The BHD Foundation are very excited by the results of this trial. Folliculin, the gene mutated in BHD, is also known to activate HIF. It may be possible that belzutifan could have some benefits for individuals with BHD. To find out more, we spoke to one of the researchers involved in the trial and BHD expert Dr Marston Linehan (National Cancer Institute, NIH).
Why is another approach for kidney cancer management needed for individuals with VHL disease?
The reason we worked on the development of a treatment for VHL kidney cancer over the past 38 years is so that we would have an alternative to surgery for these patients and could delay or completely prevent kidney tumor development.
What are the next steps for taking belzutifan from clinical trials to approved use in patients with VHL disease?
We still have many questions to answer such as:
- When is the optimal time to prescribe the agent for VHL-associated renal tumors?
- How long is the optimal time period to give the agent in patients with VHL-associated kidney tumors?
- We need to identify the causes of tumor resistance to therapy.
What can we learn from this trial to look at potential treatments for BHD?
- We can learn about the potential for targeted systemic agents in patients with genetically defined, inherited forms of kidney cancer such as BHD.
- Also, although we worked towards the development of agents targeting the VHL pathway to treat kidney cancer, in the belzutifan trial we learned that this agent also has activity in treating central nervous system tumors (CNS hemangioblastomas) and pancreatic neuroendocrine tumors.

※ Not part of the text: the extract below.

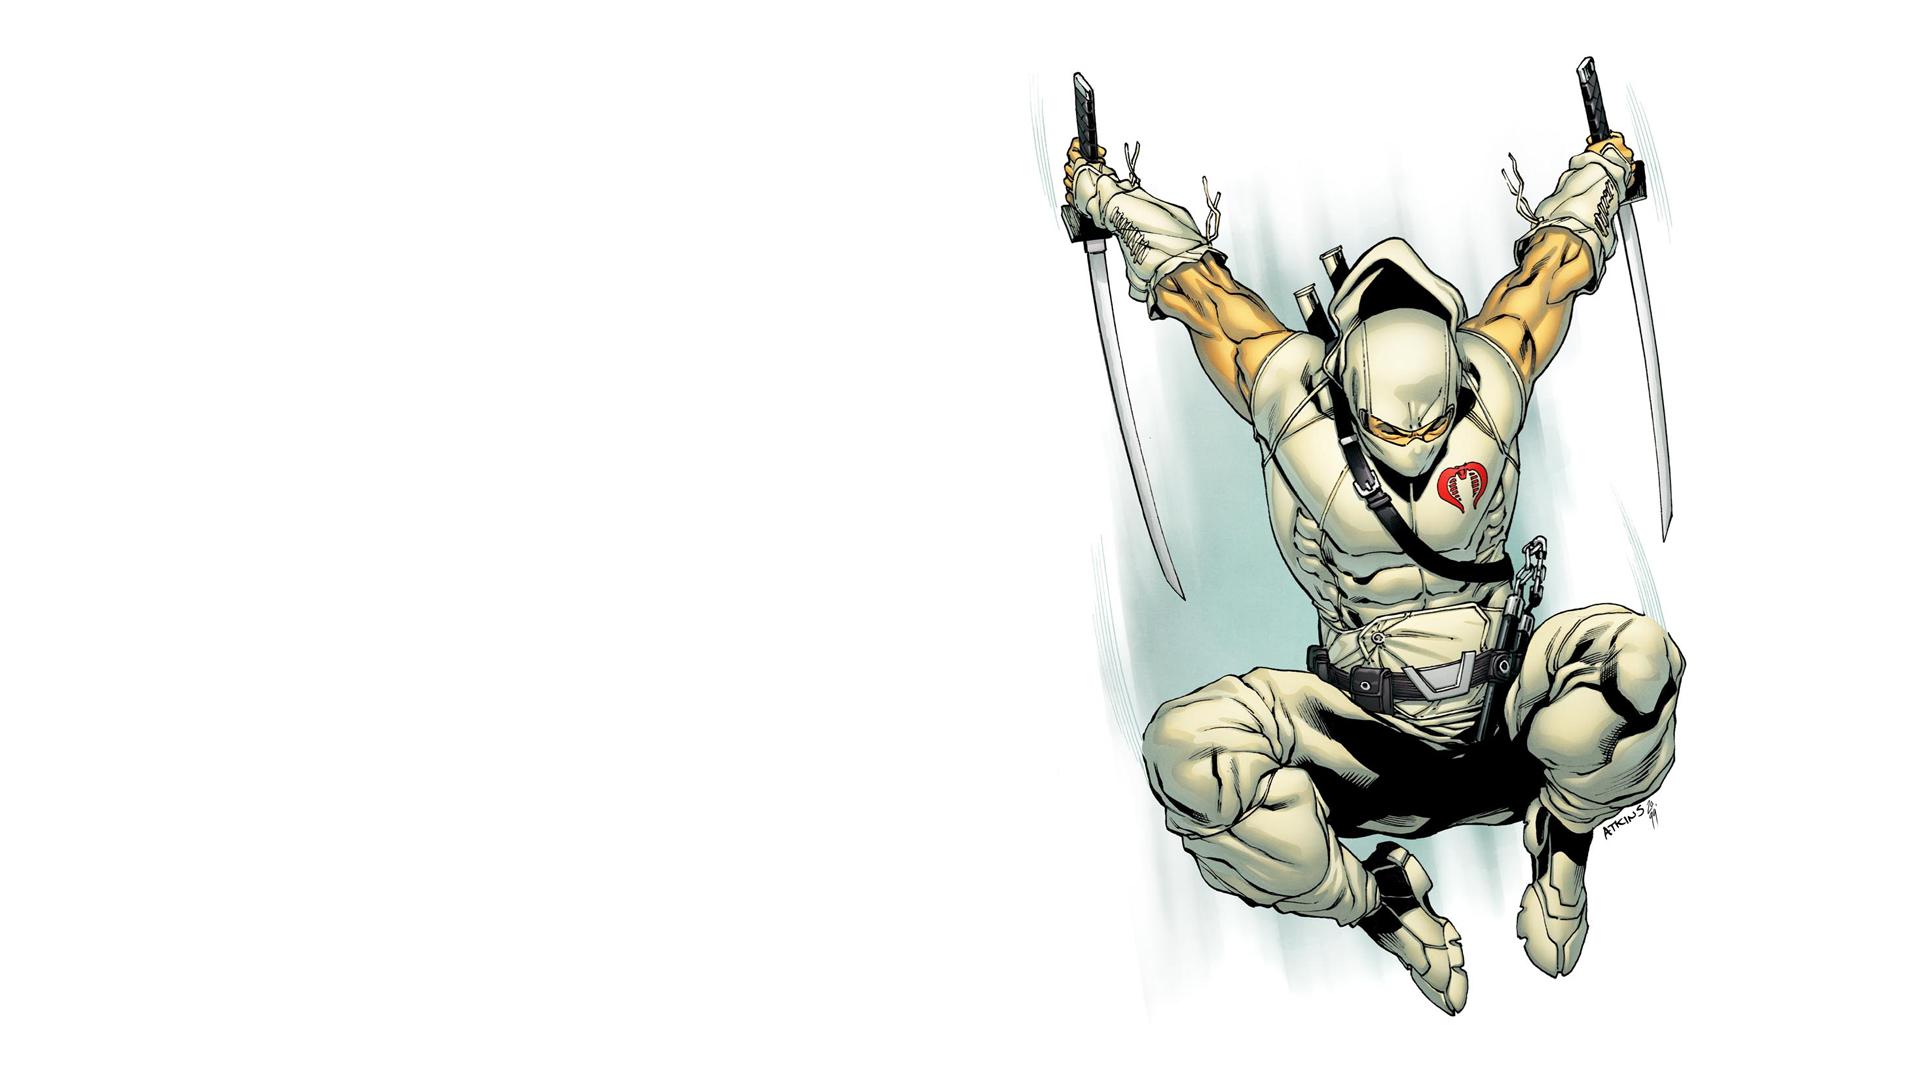 G.I. Joe Full HD Wallpaper And Background Image

- As we have worked on the development of a therapeutic approach for the treatment of tumors in patients affected with BHD over the past 25 years, it is our hope that when we see the development of an effective approach to target the FLCN (BHD gene) pathway that we will see effect on not only the BHD-associated kidney tumors, but also on BHD-associated pulmonary cysts and cutaneous fibrofolliculomas.
- We have a way to go, however, we are encouraged by the progress that has been made.
Do you think this approach is the future for management of BHD?
Yes, I do feel that this is the future for the management of BHD. This was our goal, our “vision”, when we started on VHL in the early 1980’s. It was also our goal when we started working on BHD in the mid 1990’s. We will not stop until we have seen the development of effective forms of treatment for all patients affected with BHD and VHL, as well as those affected with Hereditary Papillary Kidney Cell Carcinoma (starting in 1991), Hereditary Leiomyomatosis and Kidney Cell Carcinoma (HLRCC) (starting in 1989) and TFE3, TFEB and MITF kidney cell carcinoma (starting in 1987).
We are very appreciative of the support and encouragement of the Myrovlytis Trust and of the brave and courageous BHD patients who have made it possible for us to make the progress we have over the past 25 years. We are optimistic about the future.
The BHD Foundation are extremely thankful to Dr Marston Linehan for his time and his passion and work on BHD and other hereditary kidney cancers.